Now, decades later, that combat instinct has been redirected to the fight against wildfires. Museveni explained that the concept came to him after observing devastating blazes on television. Flames consuming towns in the United States, sweeping through Greece, Australia, and Canada.
“Planes release only small amounts of water,” he argued. “It is not enough to control large-scale incidents. What is needed is land-based capacity.”
The “Muliro/Moto Eater” is not just another government project handed off to consultants. Museveni insists the design grew directly out of his own military thinking and indigenous knowledge.
“As a fighter, I have acquired a lot of knowledge,” he said. “So I combined my indigenous knowledge and fighting skills to design an armoured prototype firefighting vehicle.”
He pitched the idea to Marcé Industries, a South African firefighting equipment manufacturer, in 2023. The company, together with Specialised Concept, took on the challenge and began building a prototype at their own cost. By December 2024, Museveni’s delegation had inspected the first model, which now includes a locust spray prevention system as an additional feature.
The prototype is built for extremes. It runs on rubber tracks that allow it to scale steep hills, cross ditches, and move at speeds of up to 60 km/h. Its tank-like build ensures mobility on both rugged terrain and normal roads. This makes it a rare firefighting vehicle that could operate deep in Uganda’s countryside. It can also be useful anywhere in the world facing wildfires.
The National Enterprise Corporation (NEC) and Uganda’s Ministry of Transport have inspected and verified the vehicle’s capability.
For Museveni, the “Muliro/Moto Eater” is about more than firefighting. It is a statement that Uganda can innovate, build, and even contribute solutions to crises that richer nations still struggle with.
The unveiling was not a closed domestic affair. Amongst the guests were diplomats from the United States, the European Union, and Russia. These are three blocks that also confront wildfire disasters. Museveni reminded them that his idea was first shared with former U.S. Ambassador Deborah Malac years ago.

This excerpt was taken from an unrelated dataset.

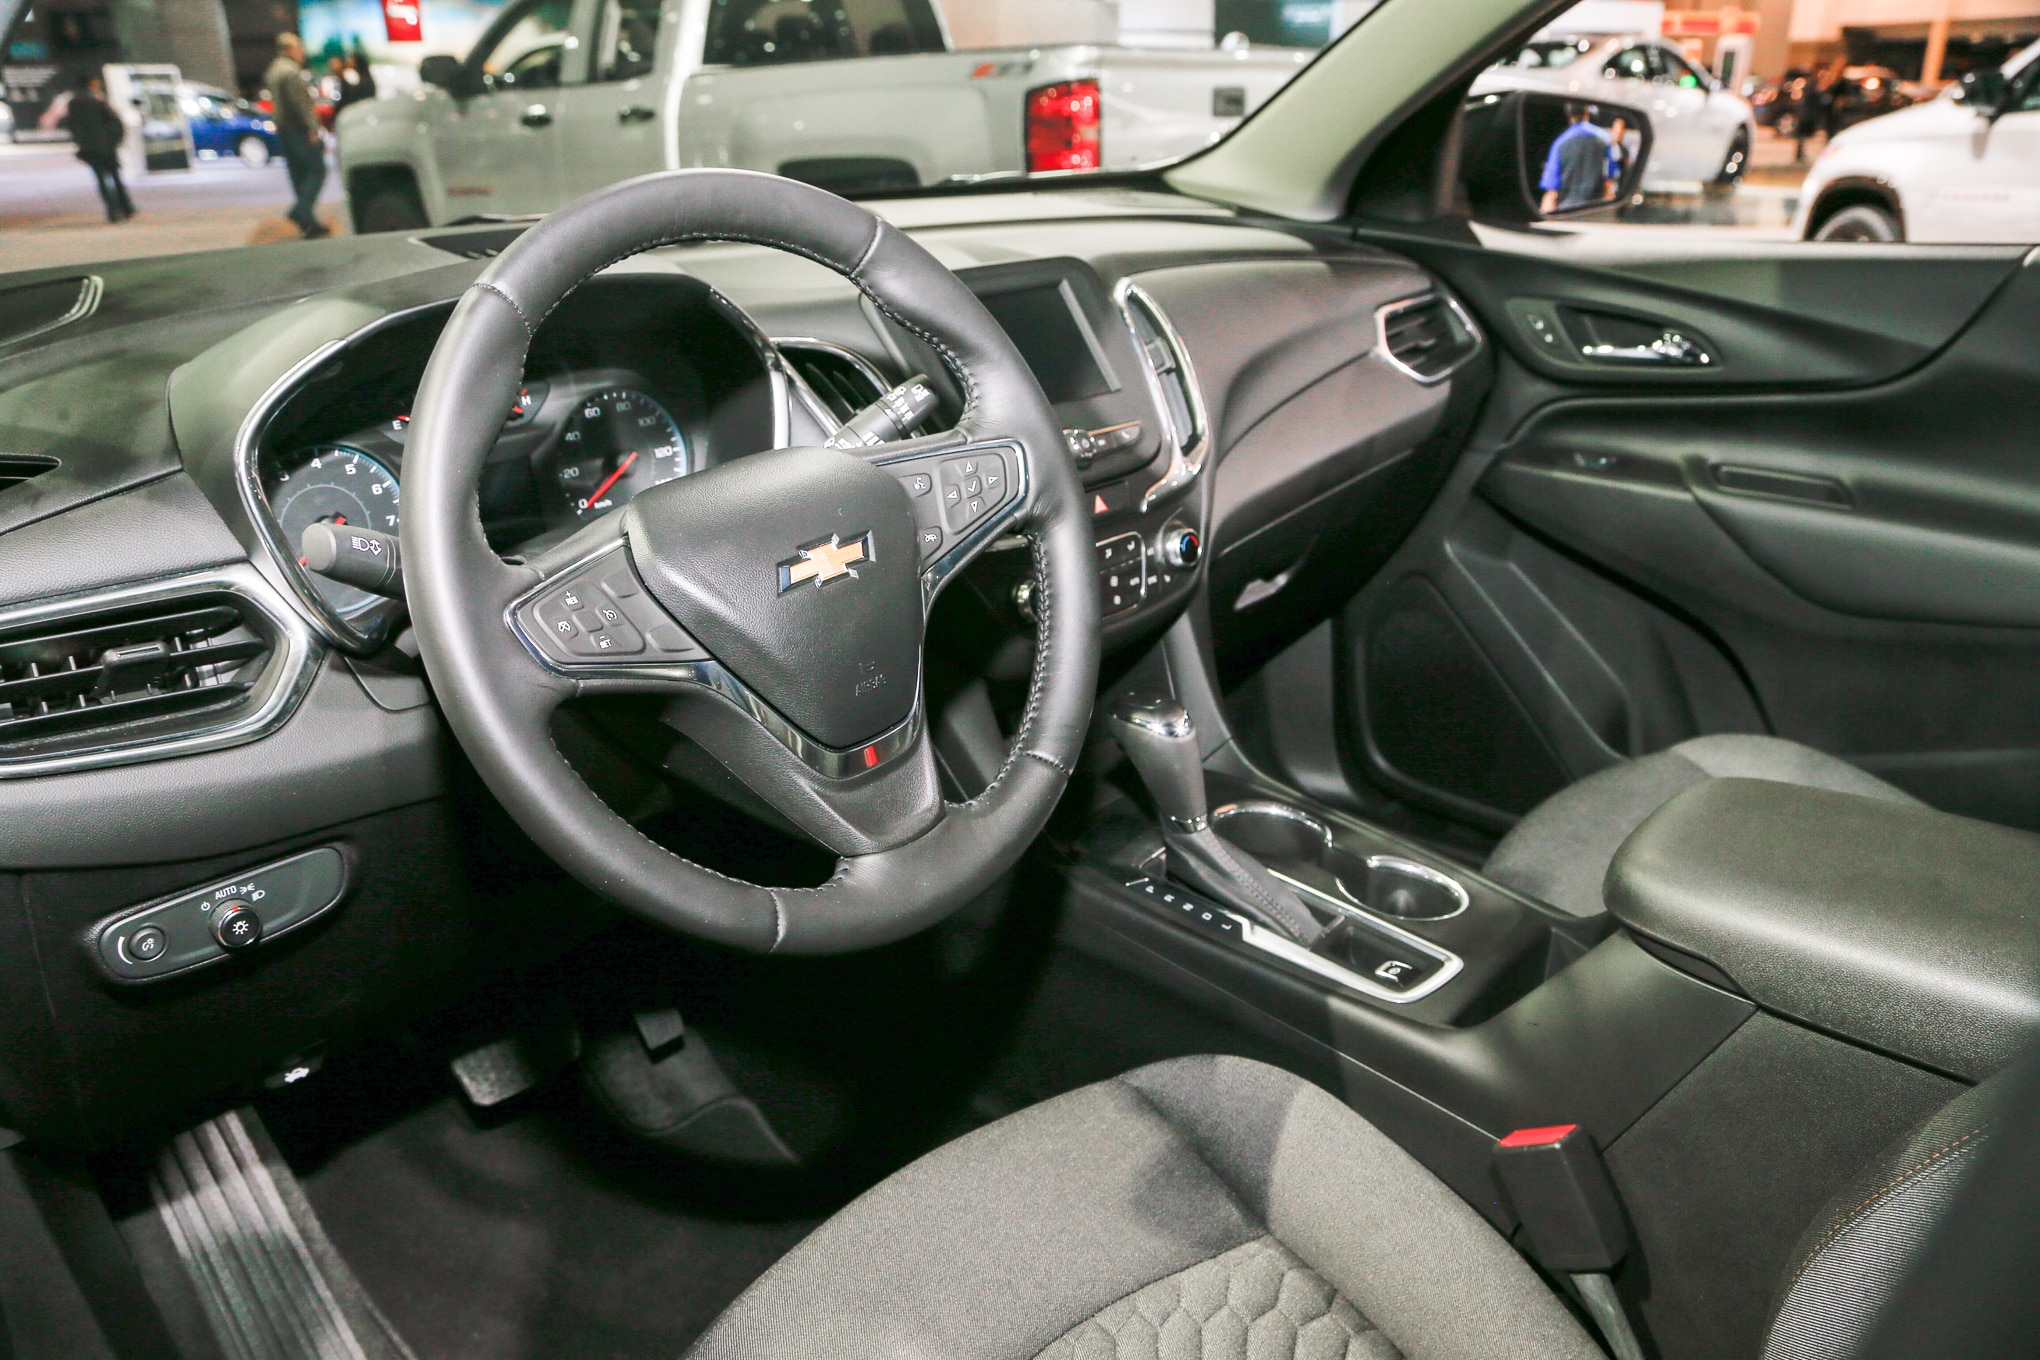 2017 Silverado Colors >> Chevrolet Adds Redline Edition to 13 Vehicles | Automobile ...

“I realised I needed to help these people,” he said, positioning his innovation not just as a national asset but a philanthropic gesture to the world.
The presence of international envoys suggested a calculated message. Uganda is not only solving its own problems but also offering its ingenuity to the global stage.
The prototype, however, raises questions. Will the “Muliro/Moto Eater” move beyond a single showpiece into mass production? Can Uganda shoulder the costs of manufacturing such complex machines locally, or will it remain dependent on South African partners?
For now, the government has not announced a production plan or procurement timeline. What was presented at State House was one machine, one idea, and one man’s vision.
Still, in a country where bushfires remain a recurring threat, from national parks to farmland, the potential is undeniable. If scaled, the “Muliro/Moto Eater” could redefine firefighting across Africa.
In Museveni’s telling, the prototype is not only a tool but a metaphor. Fires, whether literal or symbolic, require preparation, courage, and innovation to fight. Uganda’s journey with this vehicle is just beginning.
As the proverb goes, “Stealing a drum is easy; finding a place to beat it is not.” The unveiling was the easy part. The harder task lies ahead: turning a prototype into a reliable fleet, proving it works beyond demonstrations, and ensuring that when the fire comes, Uganda will be ready.